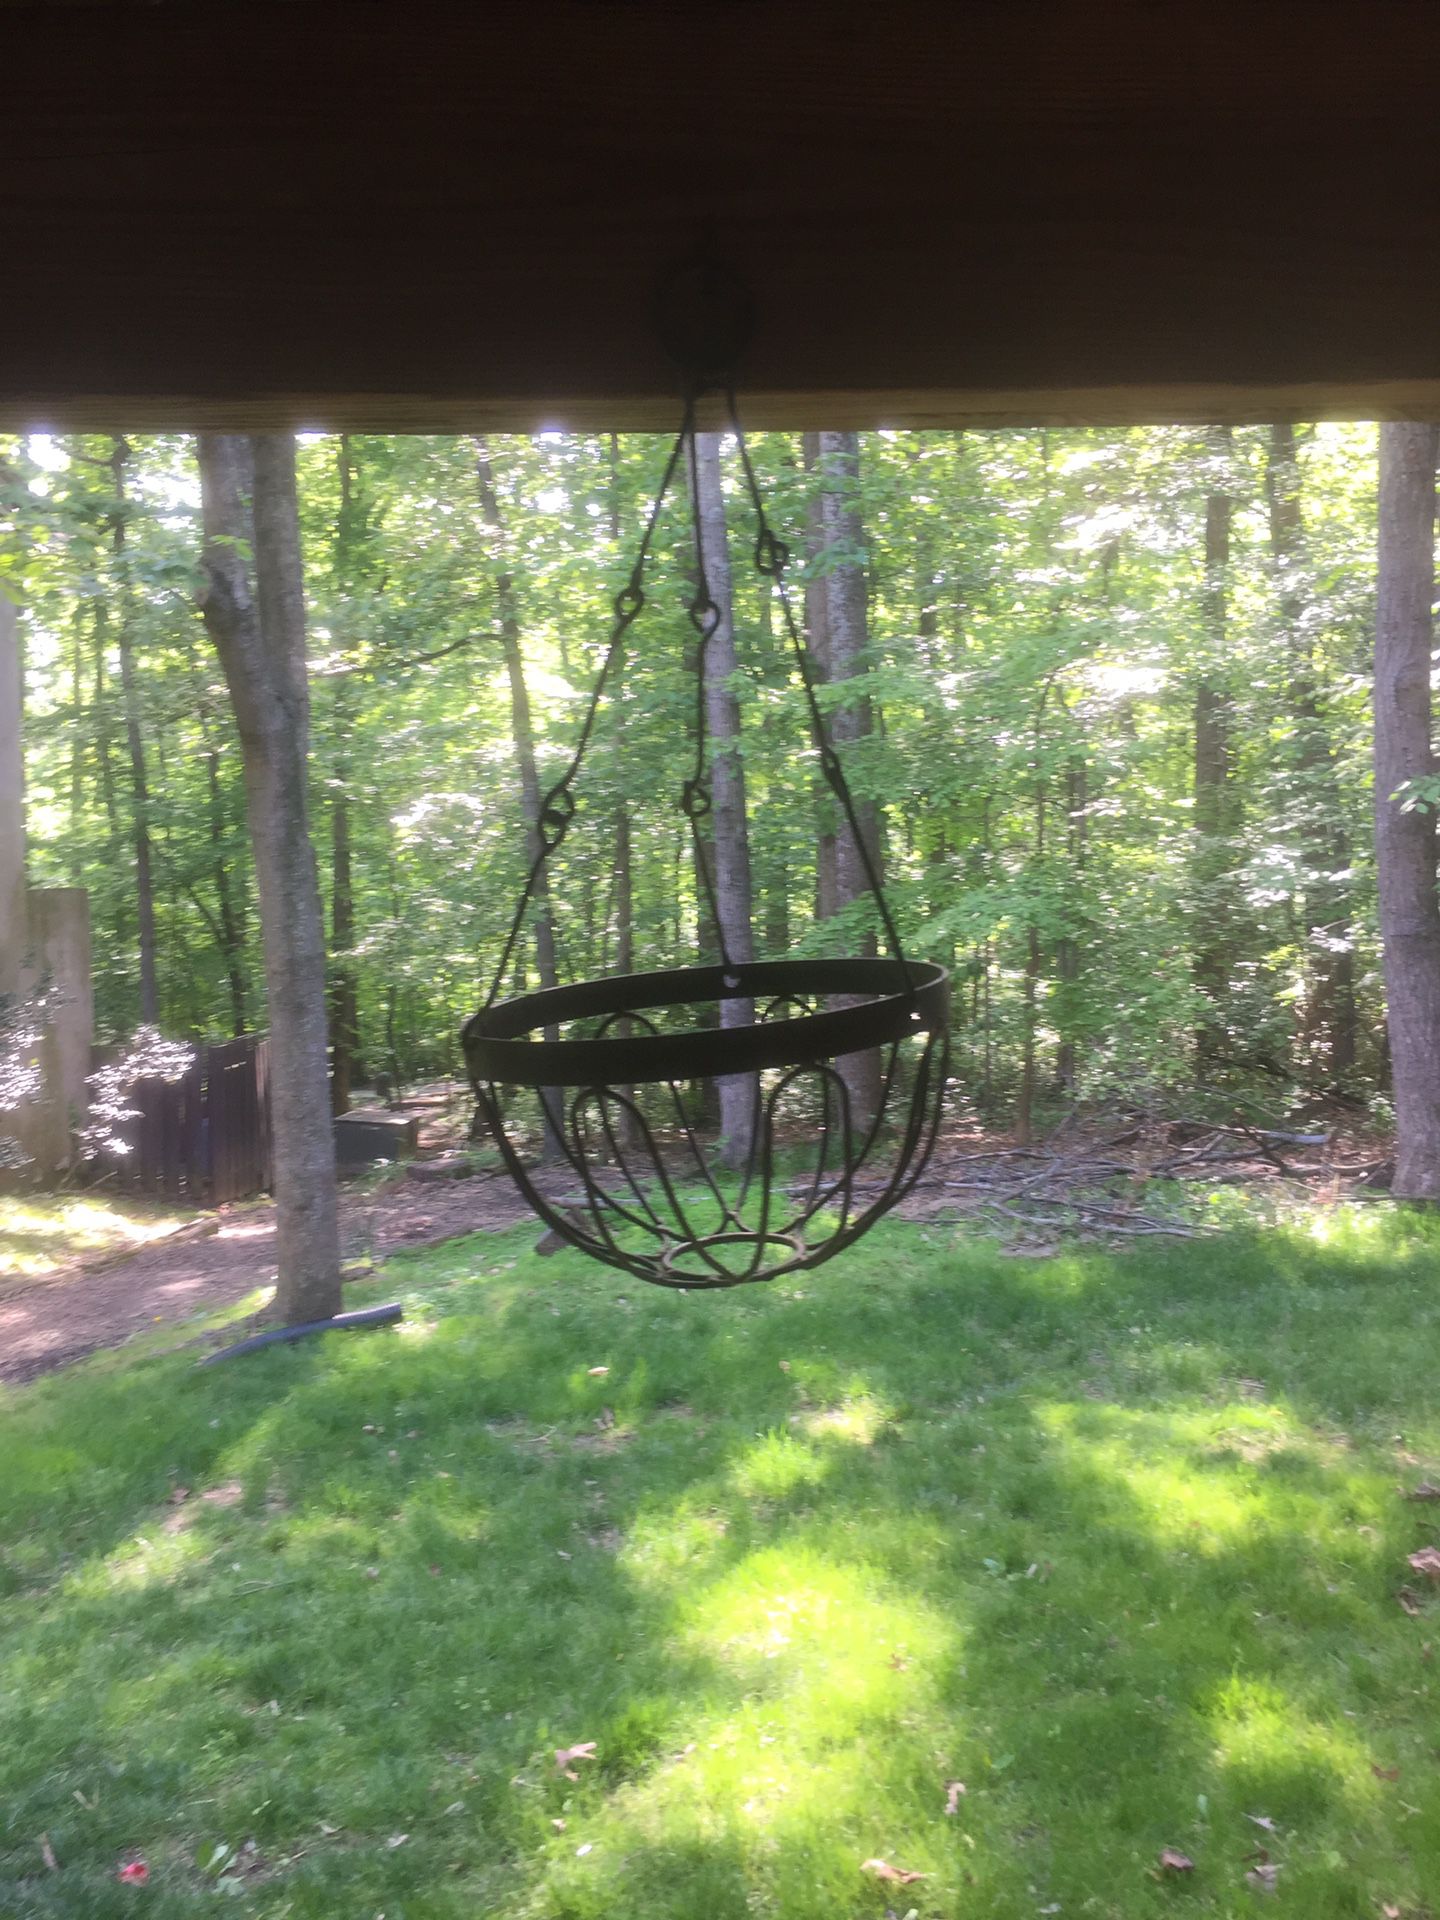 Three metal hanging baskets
==
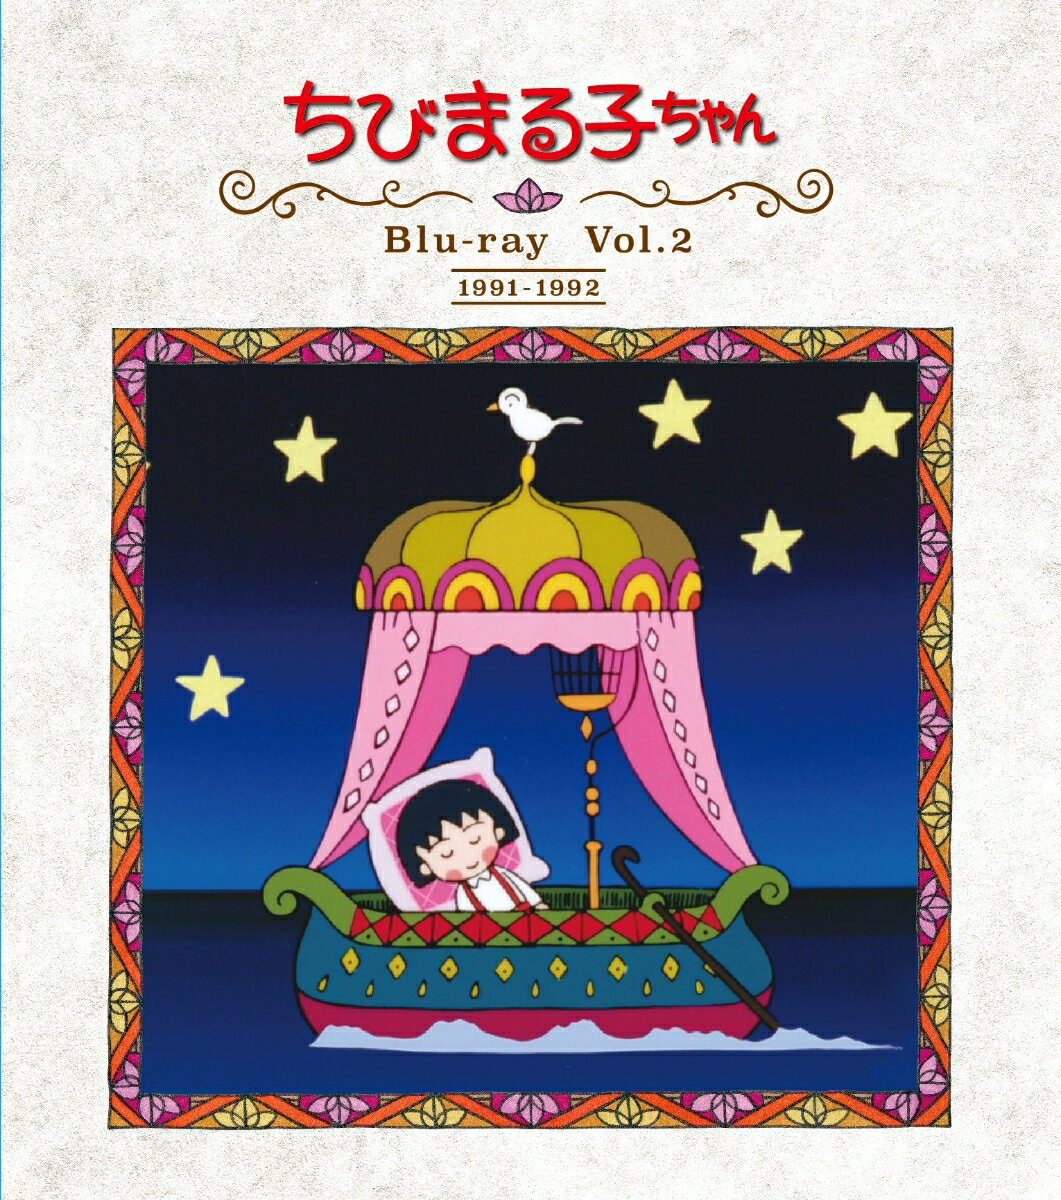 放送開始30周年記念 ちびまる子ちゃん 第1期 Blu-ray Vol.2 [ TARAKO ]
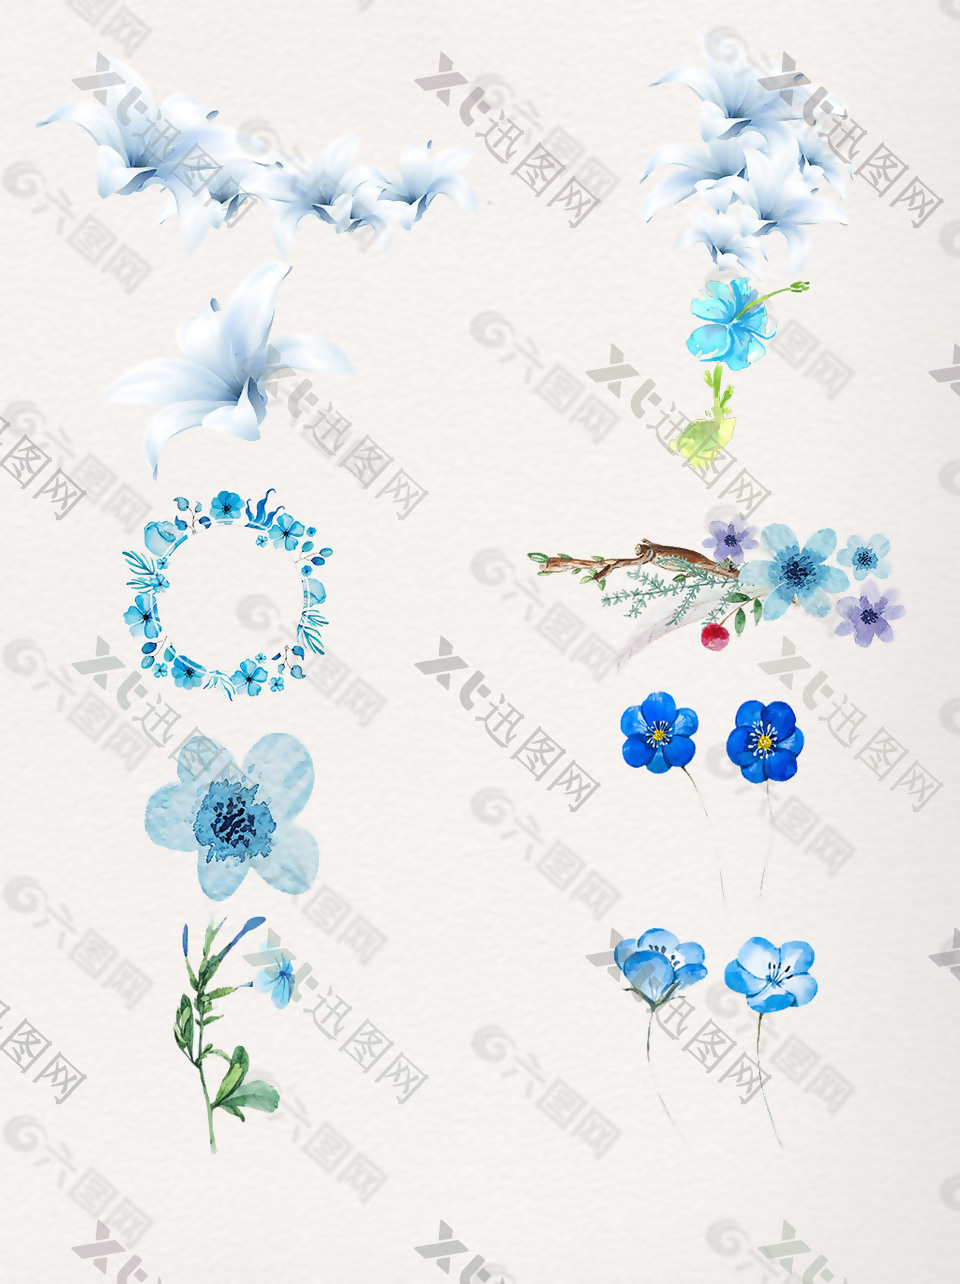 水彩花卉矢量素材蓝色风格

> [THE TASK]: From the records above, copy exactly the stretch from the line holding "放送開始30周年記念 ちびまる子ちゃん 第1期" through the line holding "水彩花卉矢量素材蓝色风格", both ends included, without the pictures.

> [FINISHED TASK]:
 放送開始30周年記念 ちびまる子ちゃん 第1期 Blu-ray Vol.2 [ TARAKO ]
 水彩花卉矢量素材蓝色风格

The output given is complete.